Solve for qo (equivalent to observed behavior rate):

qo = Ko*[r - Ki*(Kf*qo + Kd*d)], or

        Ko*r - KoKiKd*d
qo = ------------------- or
         1 + KoKiKf

qo = ----------- (r/(KiKf) - d)
       1 + KiKoKf

So qo and qi, individually, are functions of r and d. Both behavior rate
and reinforcement rate are dependent variables.

By using appropriate units for signals inside the control system, it is
always possible to define Ki as 1, with the units being the conversion
factor from external physical units to signal units. Likewise, it is
possible to choose physical units for measuring qi and qo such that Kf
is 1. This leaves Ko to absorb all of the loop gain KiKoKf. If Ko is a
large number, then

KiKoKf/(1+KiKoKf) ==> 1.
Ki = 1
Kf = 1
for convenience we scale qd so that
Kd = 1 also.

This leads to the useful approximations

qi = r and

qo = r - d.

This shows that the input quantity is very nearly determined by the
reference signal, and that the output quantity is determined jointly by
the disturbance and the reference signal. This means that the
reinforcement rate, which is qi, is determined by the reference signal
inside the organism, and that the behavior rate, qo, depends both on the
organism and on the environment, in this case equally.
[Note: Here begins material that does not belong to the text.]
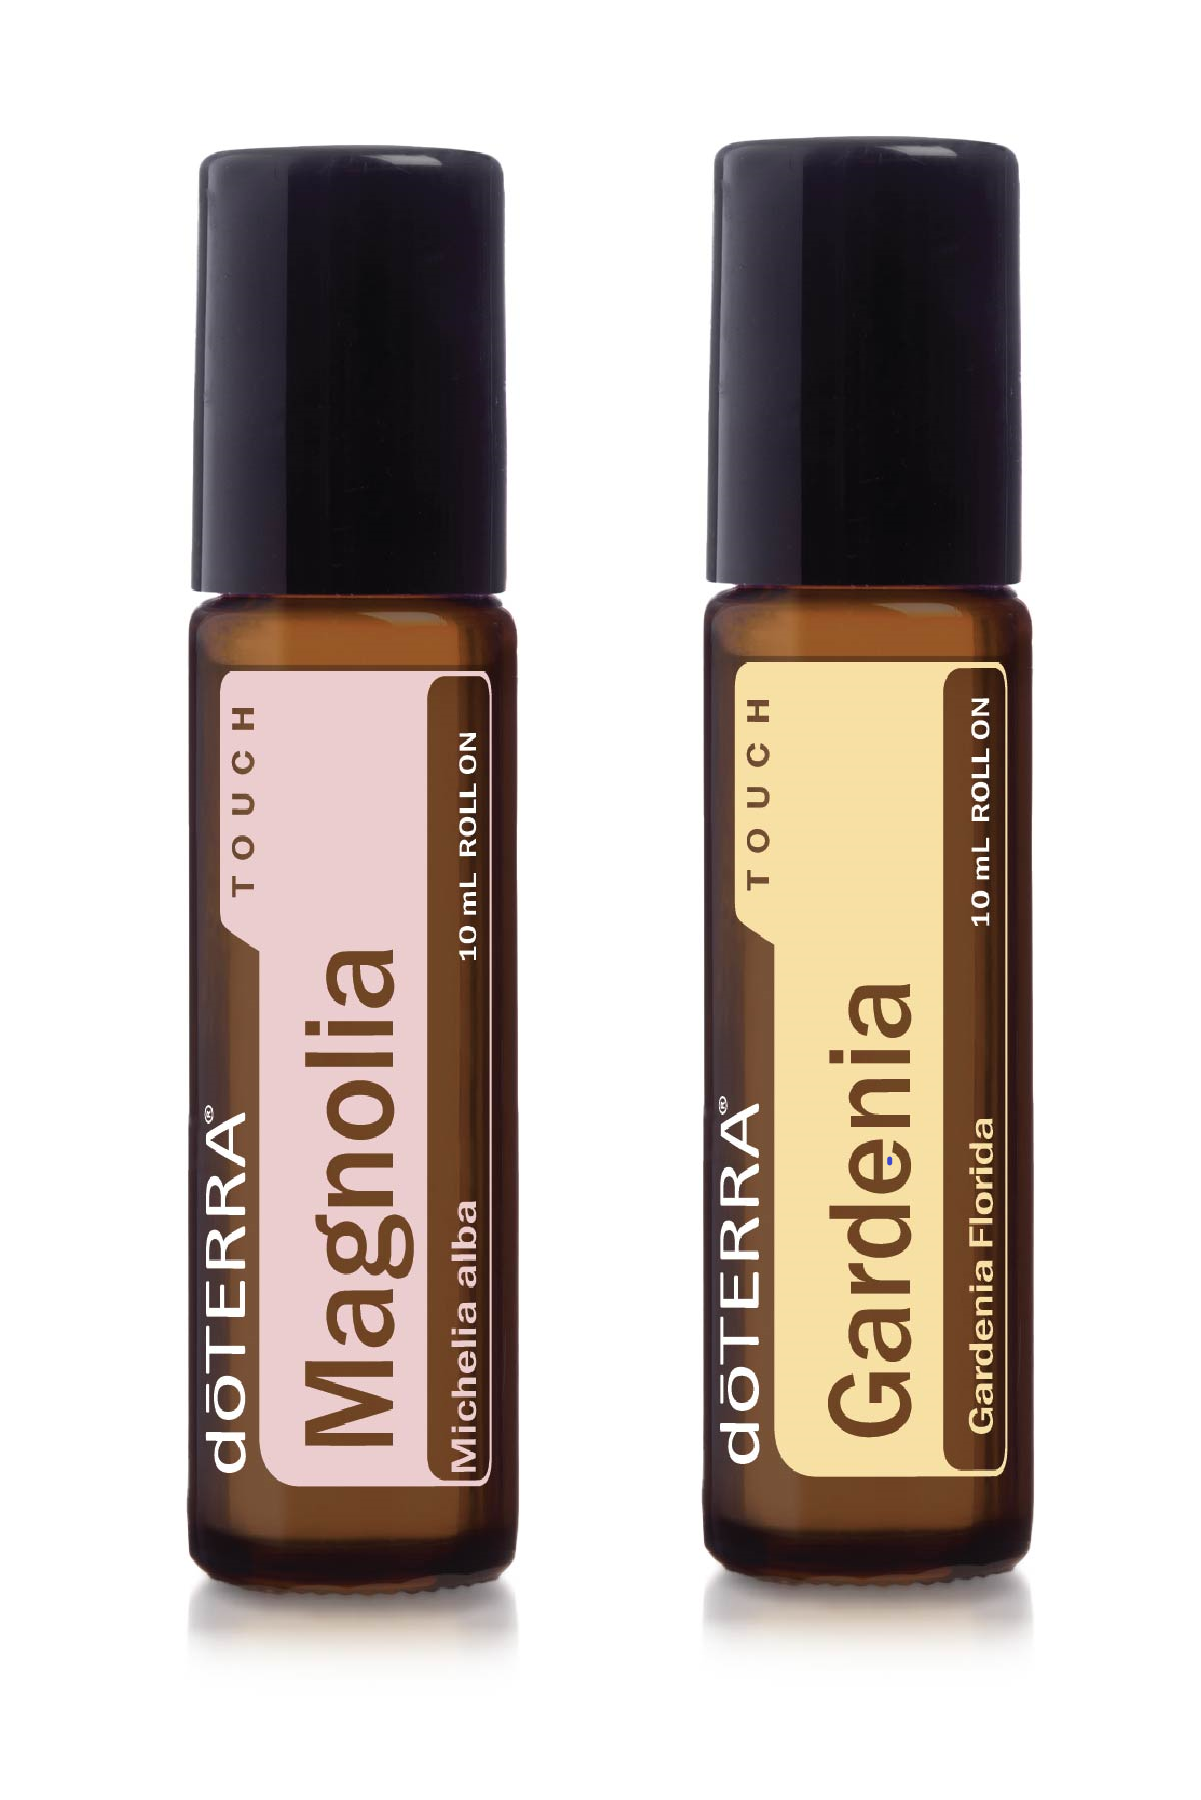 Magnolia Touch & Gardenia Touch Duo (10mL) by doTERRA - LIMITED TIME

This approximation holds only when the product KiKoKf is much larger
than 1 (say, 10 to 100 or more). For lower values of the product, the
exact equations have to be used.

The algebraic equations represent the steady-state solutions of the
differential equations that describe the control system, provided the
system is stable. If the output function is a leaky integrator of the

qo := qo + g*e - decay*qo,

then the equivalent steady-state output gain is g/decay.

You can set up the CTBASIC model with specific parameters and check the
predictions of the above equations. You will find that for zero
disturbance (qd = 0) and high loop gain, the perceptual signal will very
nearly equal the reference signal; you can alter the reference signal
between plots and see the perceptual signal tracking it in the steady
state. Varying qd will have little effect on this tracking if KiKoKf is
100. If Ki is 1, you will see the input quantity qi also tracking the
reference signal. If Ki is other than 1, then qi will behave as p/Ki.

For a zero reference signal, varying the disturbance will result in an
almost constant qi, and an equal and opposite value of qo. If Kf and Kd
are not equal, then you will observe very nearly

qo = (Kd/Kf)*qd

In the present incarnation of CTBASIC, you have to change a variable and
plot it again in order to see what happens when it changes. This happens
automatically when you hit the Enter key.

Bill (Scotty) P. down in the engine room.